The Bushies assume they'll be able to put a big red bow on Iraq and essentially hand it over to a joyous, rose-petal-strewing citizenry next summer as TV cameras roll, Bush beams in olive drab, and a crestfallen Howard Dean scours the want ads. They may be jumping the gun just a bit:

Concerns surface about Iraq timetable

President Bush's top envoy in Iraq has told Washington that he wants as many as 1,000 additional personnel to beef up the U.S. occupation authority amid growing concern that the effort to return Iraqi sovereignty by next summer is falling far behind schedule.

The recent request by L. Paul Bremer, which is being fiercely debated by the president's aides, underscores growing alarm in some sectors of the government that Bush's exit strategy for Iraq is in trouble....
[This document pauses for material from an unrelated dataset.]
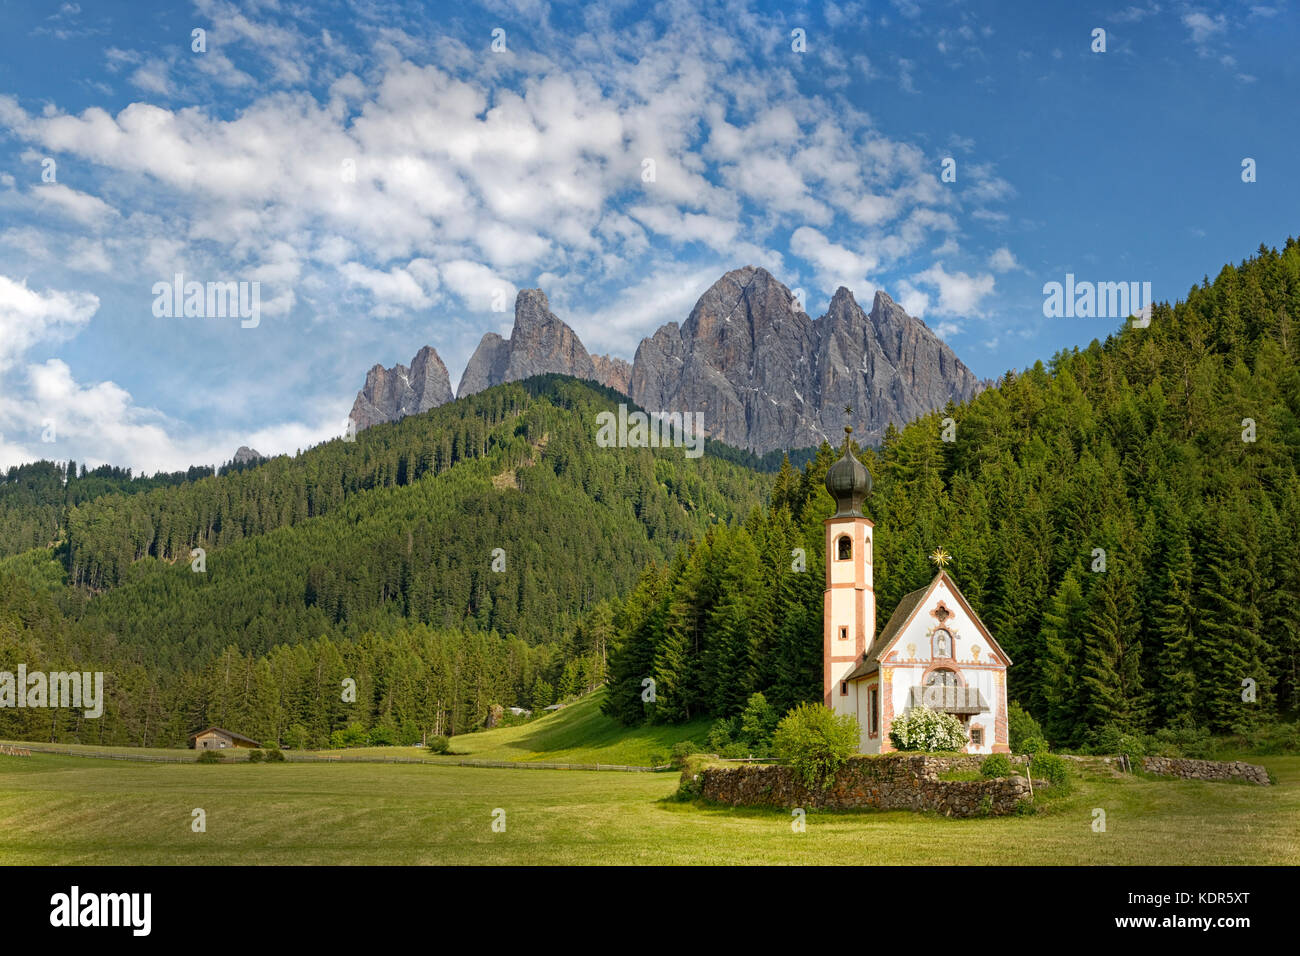 Cappella di st.johann con geisler groupe, Val di Funes, provincia di alto adige, italia, europa Foto Stock
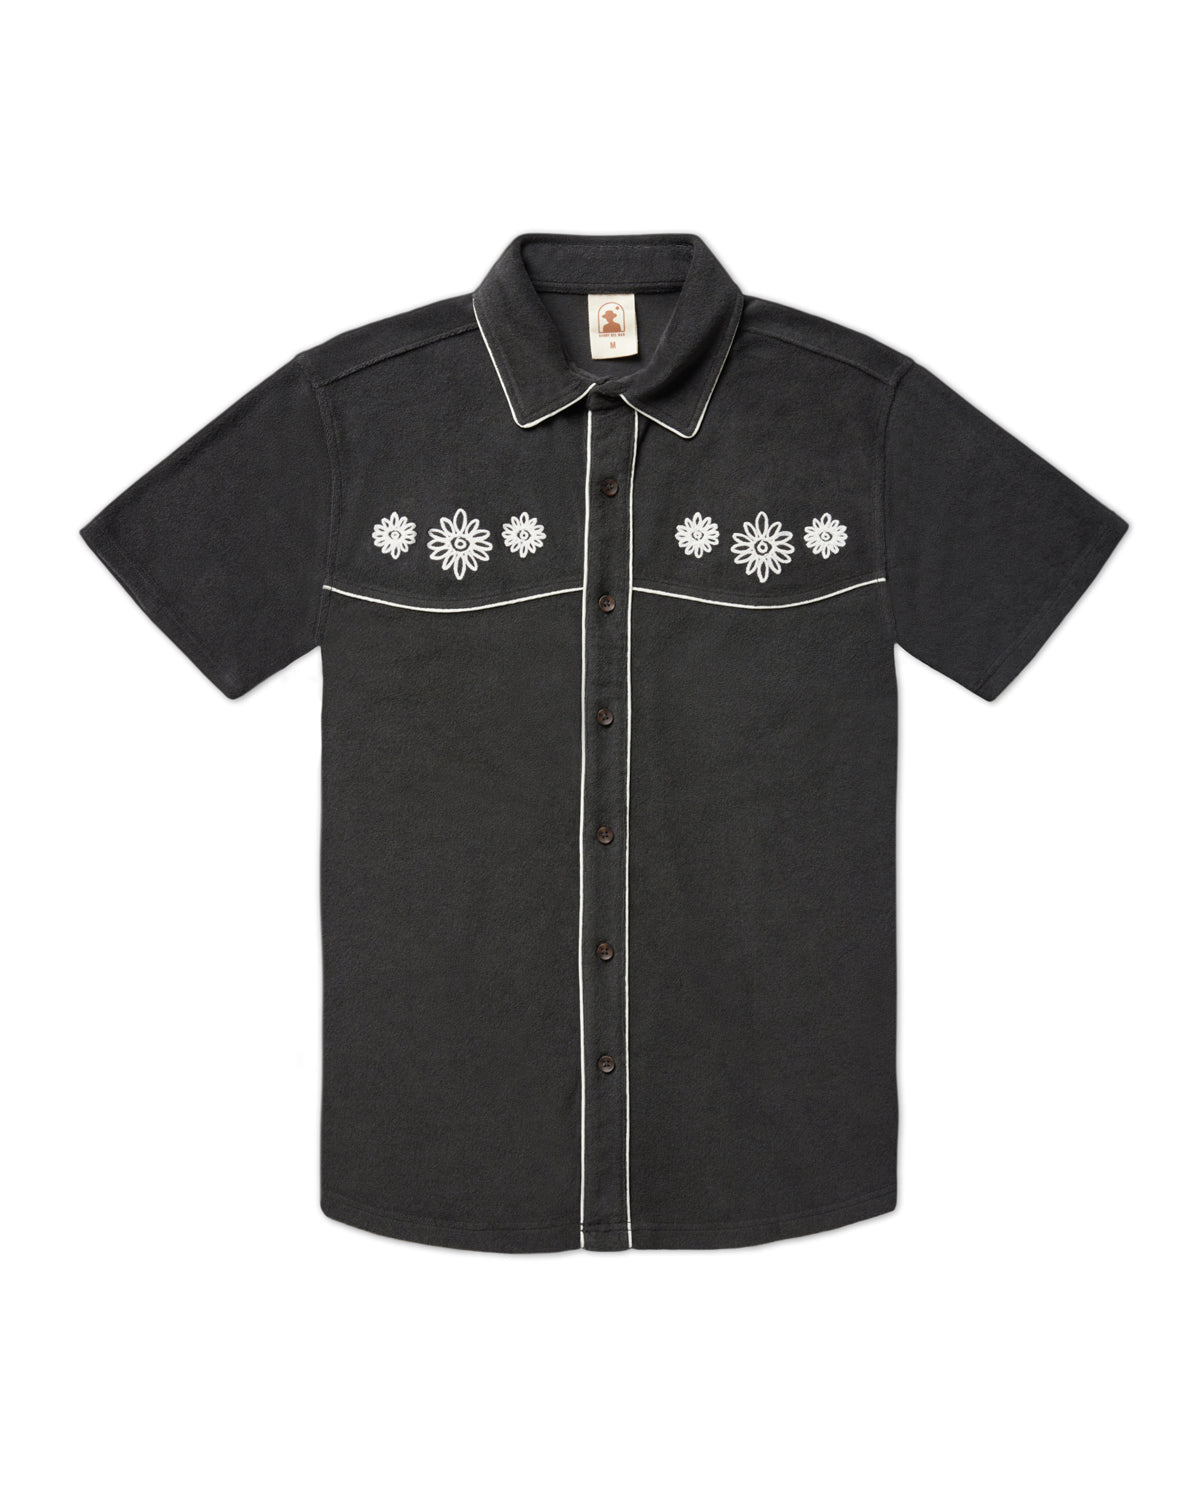 The Gaucho Terry Cloth Shirt - Onyx – Dandy Del Mar

"Clearly, CPA is behind schedule on the accelerated timeline for handing over to the Iraqis," said one senior official....

Bremer has asked for experts in running elections and finance, as well as people with expertise in telecommunications, this official said....


Naturally, Rummy is pinching pennies like a lean-'n'-mean CEO, while his Pentagon is taking a harder line with the State Department than it is with Osama:

Another top official said Defense Secretary Donald H. Rumsfeld is resisting Bremer's request, arguing that the CPA should be slimming down, not beefing up, in anticipation of the sovereignty handover.

"Rummy tells me downgrade, and I need more," a State Department official quoted Bremer as telling Secretary of State Colin Powell in recent weeks.

...[A] State Department official said Undersecretary of Defense Douglas Feith, the Pentagon's No. 3 official, is continuing to block some people on a list submitted by State for deployment to Baghdad.


As the story points out, a major reason Bremer thinks he needs more people is that he's worried about the logistics if Iraq is to hold proper elections next year; Rummy, presumably, has a few ideas about where Bremer can stick his logistics.